Unfortunately, as often, the posterior is intractable. Bayes' theorem requires the evidence, which is hard to compute. For more details, Gregory Gundersen gives a great explanation here.

We need the posterior, but we can't compute it. How do we work around this problem?

We can't compute the exact posterior, but we can learn a neural network \(p_\theta\) to approximate \(q(\mathbf{x}_{t-1}|\mathbf{x}_{t})\). If you are familiar with VAEs, training a decoder is the exact same idea.

Back in 1949, Feller proved that the posterior is also a normal distribution \(\mathcal{N}(\mu, \Sigma)\), if \(\beta_t\) is small enough (our case!) We can thus assume that our posterior can be parametrized by its mean and variance. We train the model to learn an approximate mean \(\mu_\theta(\mathbf{x}_t)\) and approximated variance \(\Sigma_\theta(\mathbf{x}_t)\).

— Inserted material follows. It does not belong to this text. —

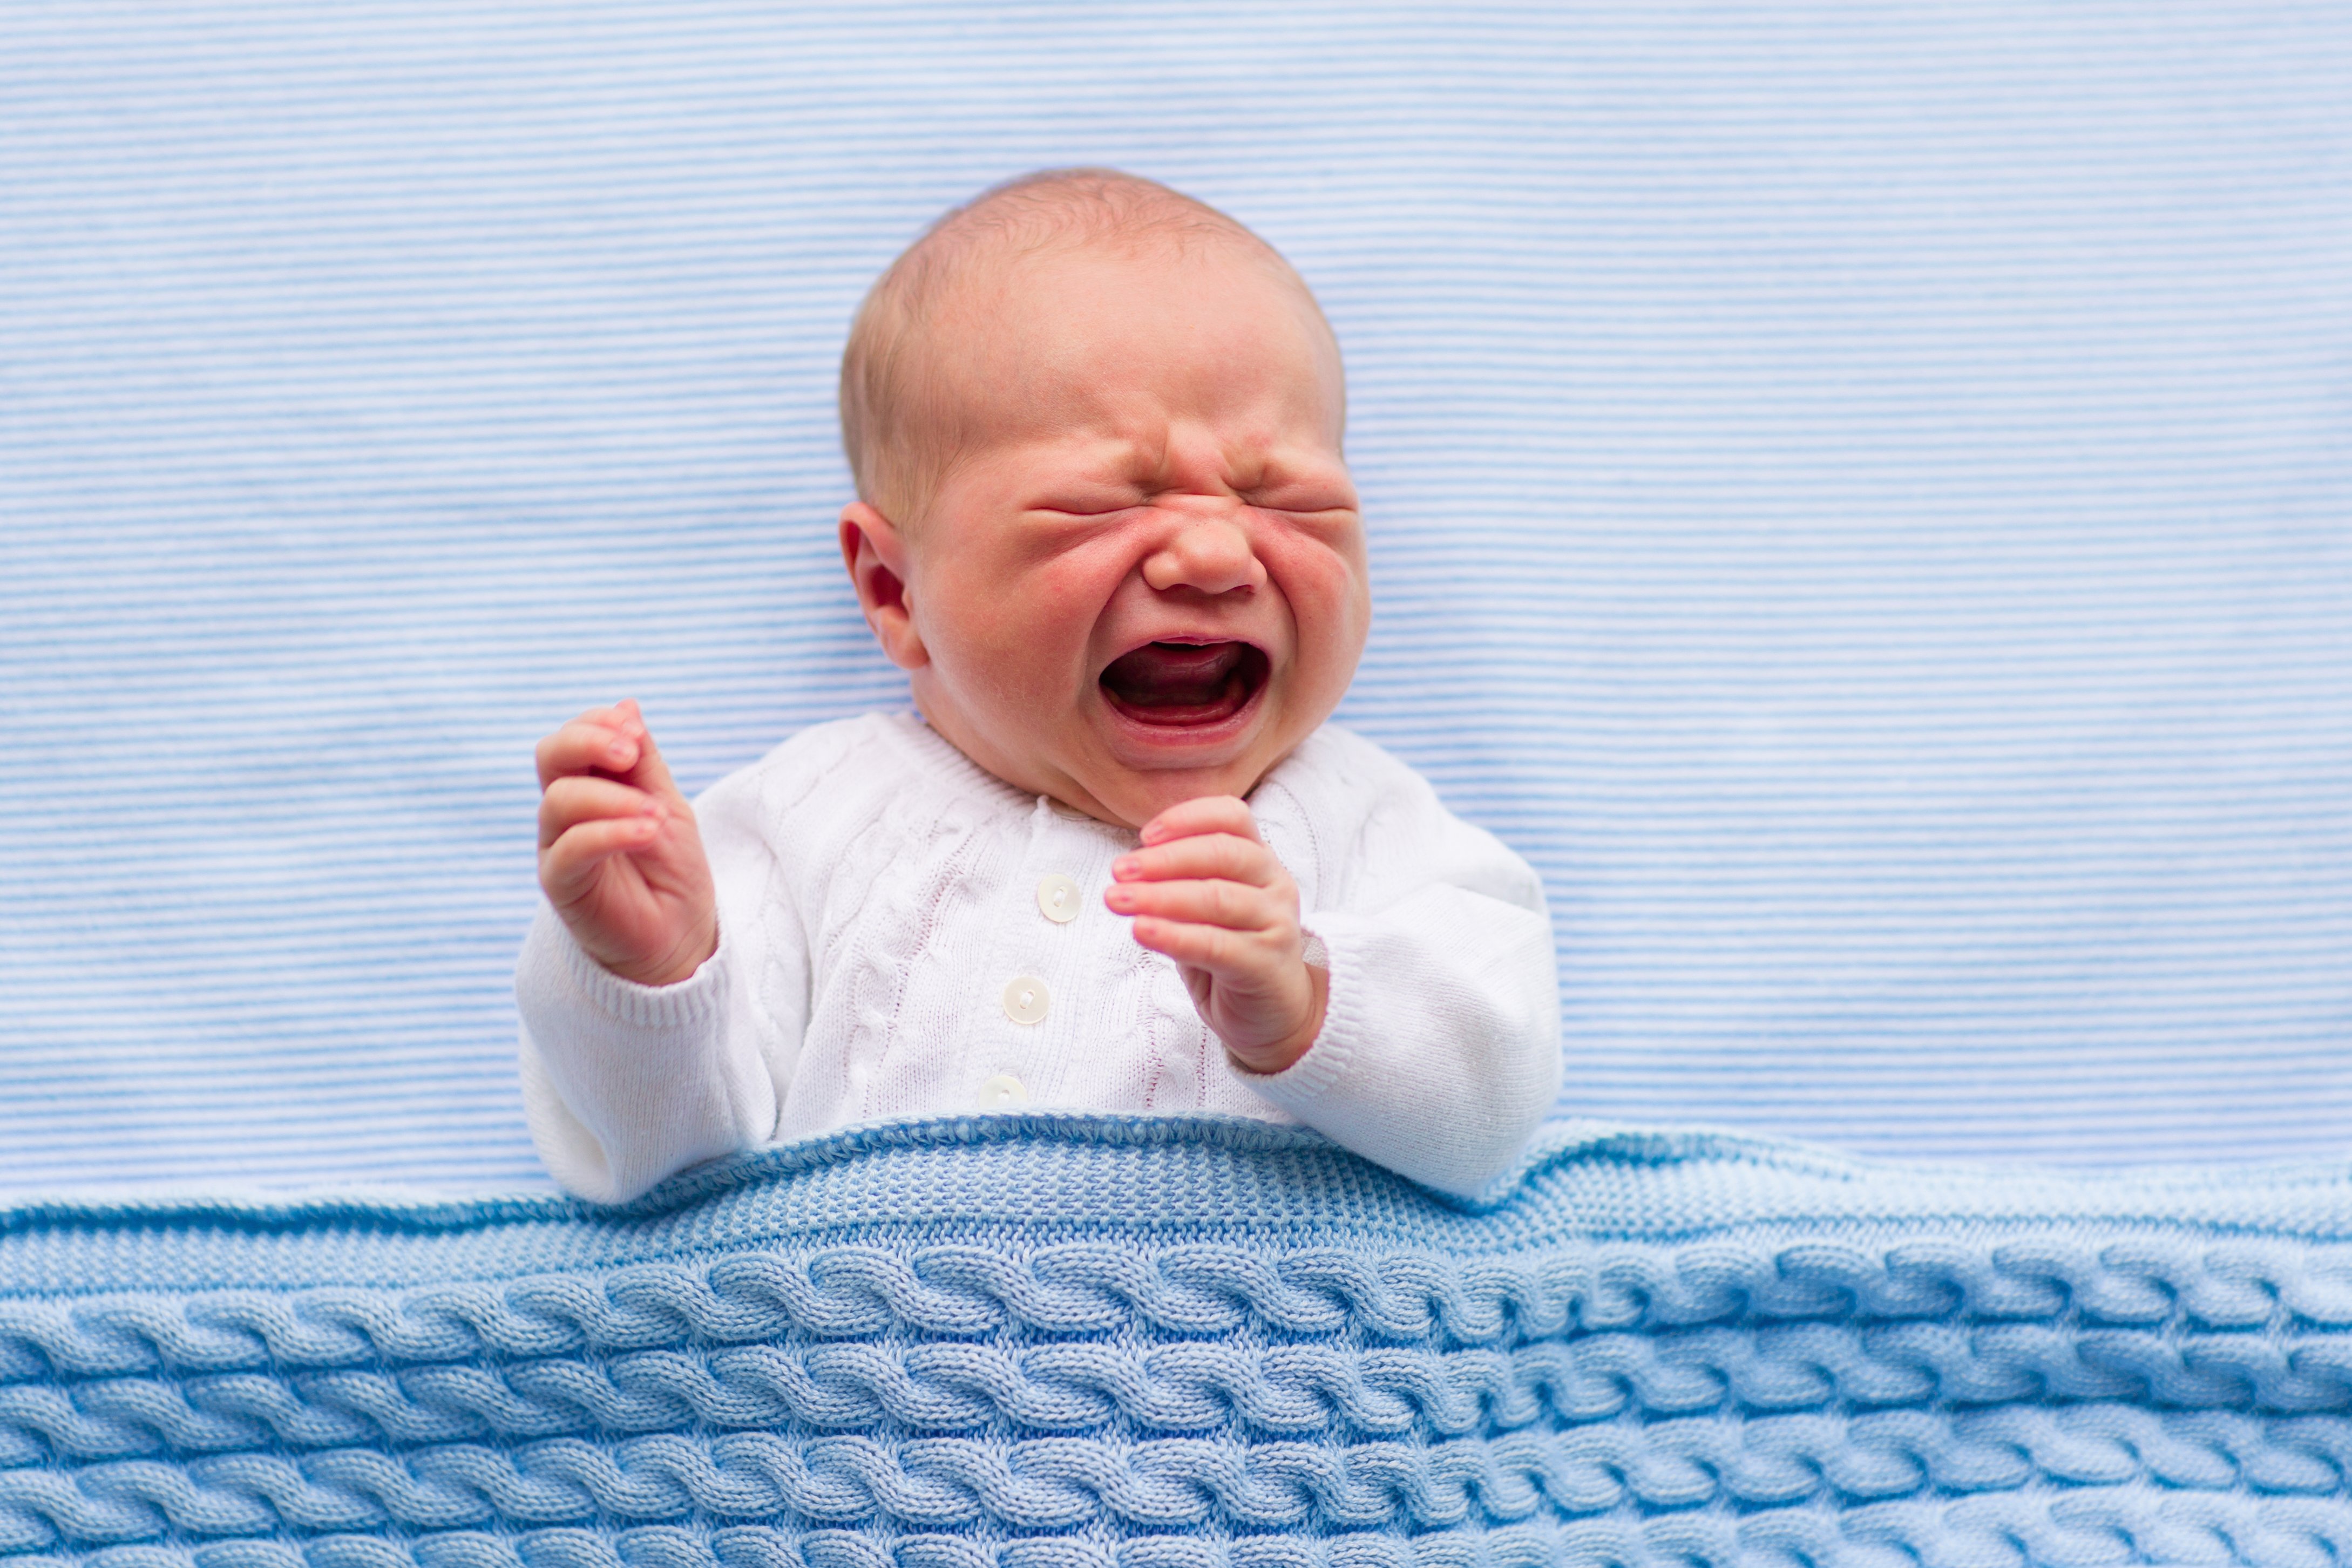 A newborn baby crying. | Photo: Shutterstock

Once we know the mean and variance of the posterior, starting from \(\mathbf{x}_t\), we can sample a candidate \(\mathbf{x}_{t-1}\), and then repeat until we reach \(\mathbf{x}_0\).

Backward process — Image modified from source: Ho & al. (2020)

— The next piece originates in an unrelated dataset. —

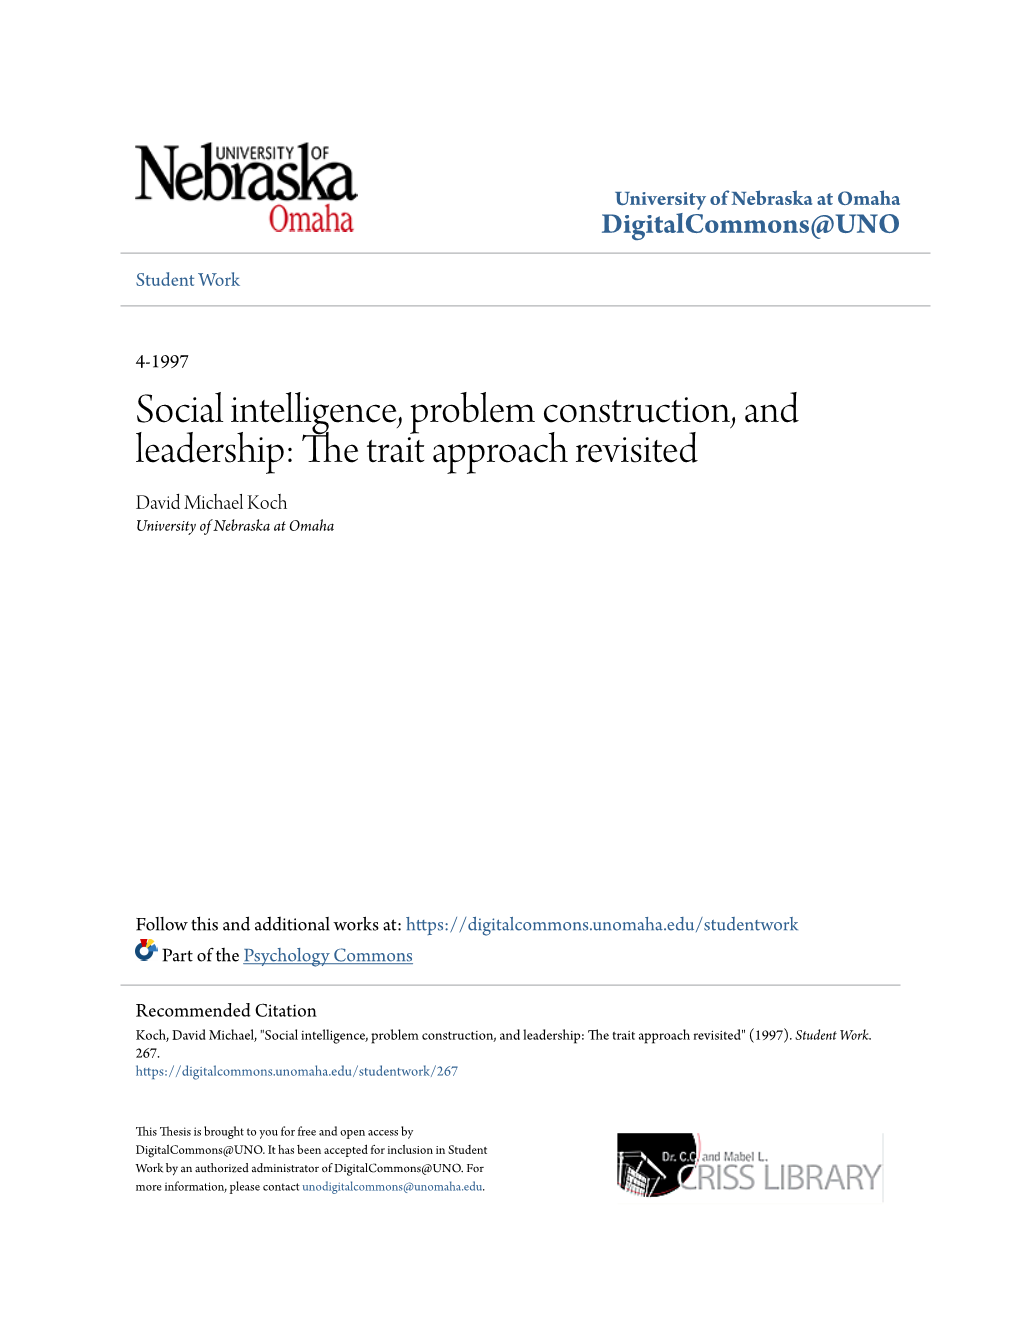 Social Intelligence, Problem Construction, and Leadership: the Trait Approach Revisited David Michael Koch University of Nebraska at Omaha

Quote from "Deep Unsupervised Learning using Nonequilibrium Thermodynamics"

For both Gaussian and binomial diffusion, for continuous diffusion (limit of small step size \(\beta\)) the reversal of the diffusion process has the identical functional form as the forward process (Feller, 1949). Since \(q(\mathbf{x}_{t}|\mathbf{x}_{t-1})\) is a Gaussian (binomial) distribution, and if \(\beta_t\) is small, then \(q(\mathbf{x}_{t-1}|\mathbf{x}_{t})\) will also be a Gaussian (binomial) distribution. The longer the trajectory the smaller the diffusion rate \(\beta\) can be made.

Loss (level 1)

What is the objective function to our problem? We want to estimate the parameters of the reverse probability distribution, given some observed data (our training dataset of \(\mathbf{x}_0\) samples). That's a likelihood maximization problem! Negative log-likelihood (NLL) is thus the straightforward loss function we're going to minimize.

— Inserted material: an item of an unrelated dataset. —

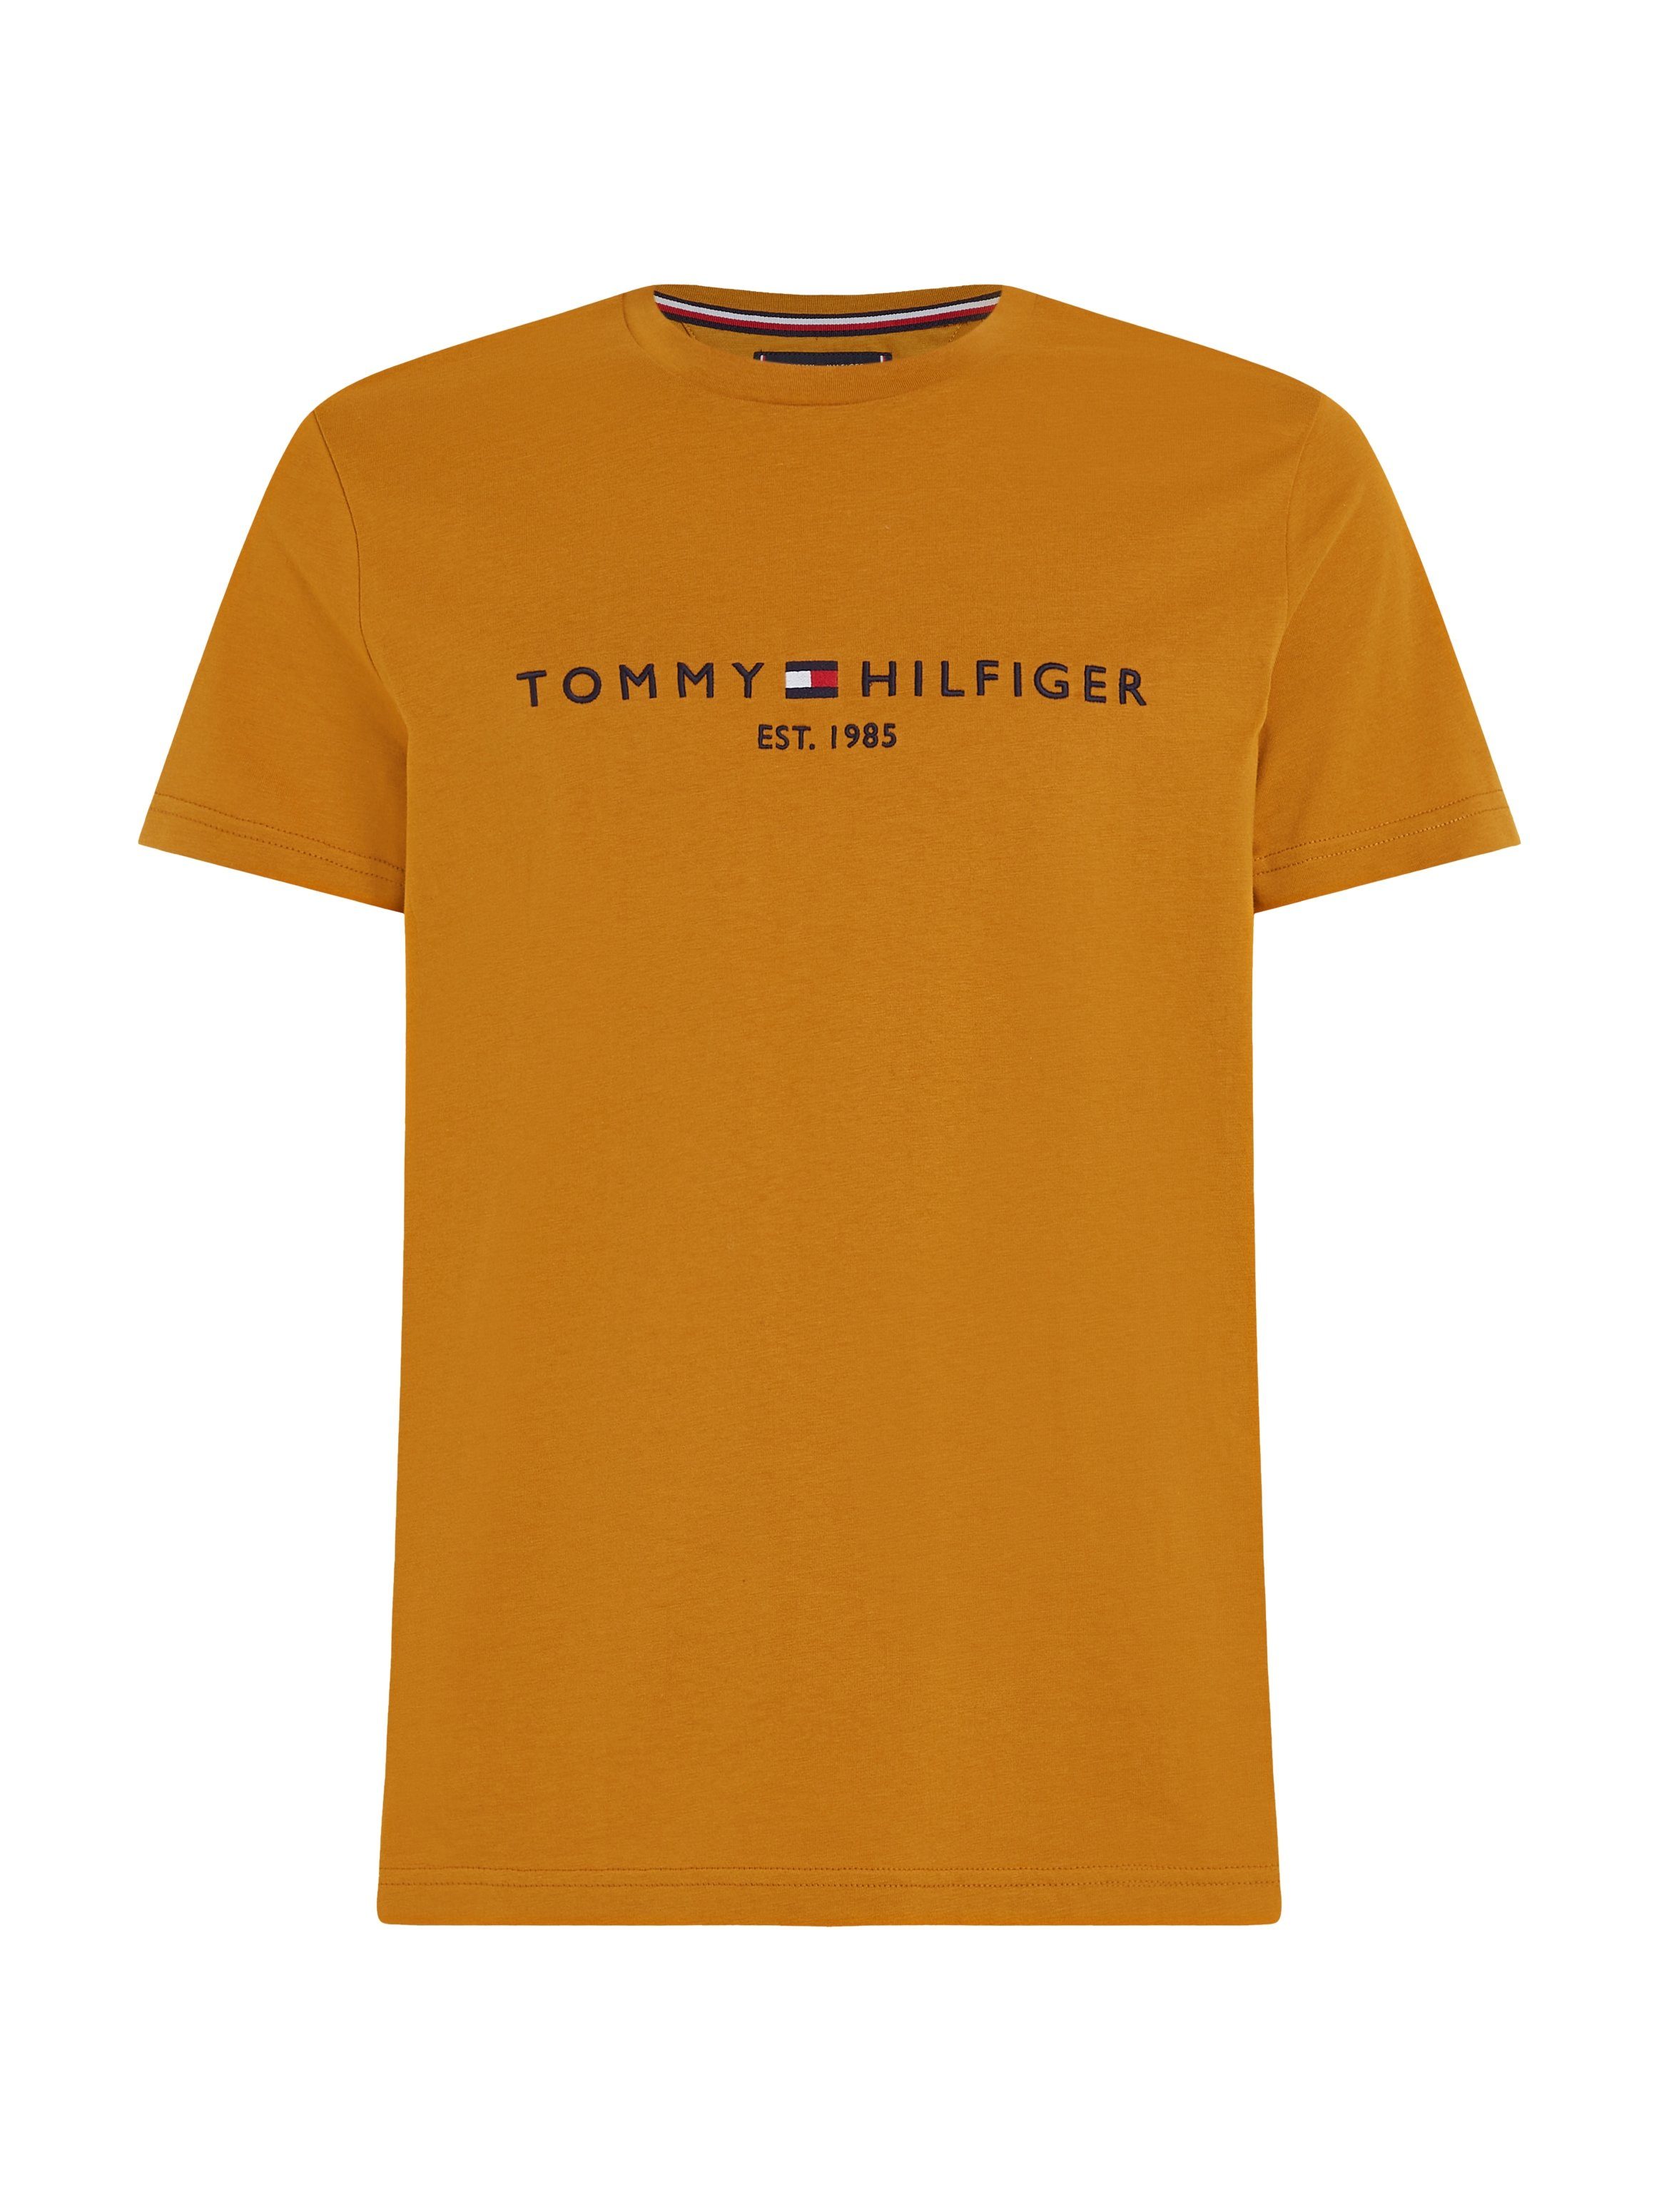 LOGO TEE Hilfiger TOMMY Crest T-Shirt Gold Tommy

Here comes the hardest part of the paper

I will simplify things a bit so you get the intuitions. Then in Loss level 2, I will refine my explanation based on the proof of the paper. So no worries if you feel like some arguments are missing in this section.

In their paper, Ho & al. (2020) used 2 tricks to simplify the loss:

They don't learn the posterior variance. Instead they arbitrarily fix it: \(\Sigma_\theta(\mathbf{x}_t, t) = \beta_t\).
Because (1) \(\mathbf{x}_t\) is known at inference time and because (2) \(\mu\) and \(\epsilon\) are linked by: \(\mu_t=\frac{1}{\sqrt{\alpha_t}}\left(\mathbf{x}_t-\frac{1-\alpha_t}{\sqrt{1-\bar{\alpha}_t}} \epsilon_t\right)\), they re-parametrize the task, moving from a problem of predicting \(\mu\) to predicting \(\epsilon\).

Using these tricks, they showed that, maximizing the NLL is roughly equivalent to minimizing a Mean Squared Error (MSE) over the noise added during the forward process:

\[L_t^{\text {simple }}=\mathbb{E}_{t \sim[1, T], \mathbf{x}_0, \mathbf{\epsilon}_t}\left[\left\|\epsilon_t-\epsilon_\theta\left(\mathbf{x}_t, t\right)\right\|^2\right]\]

So, we can train our network in a supervised learning manner, to predict the normalized noise \(\epsilon_t\).

Inference

At inference time, things are pretty simple. Draw a random noisy sample \(\mathbf{x}_T\) from a normal centered distribution. Then predict the mean of the posterior \(q(\mathbf{x}_{T-1}\vert\mathbf{x}_T)\). As the posterior's variance is \(\beta_T\), we know all the parameters of the posterior: we can sample \(\mathbf{x}_{T-1}\).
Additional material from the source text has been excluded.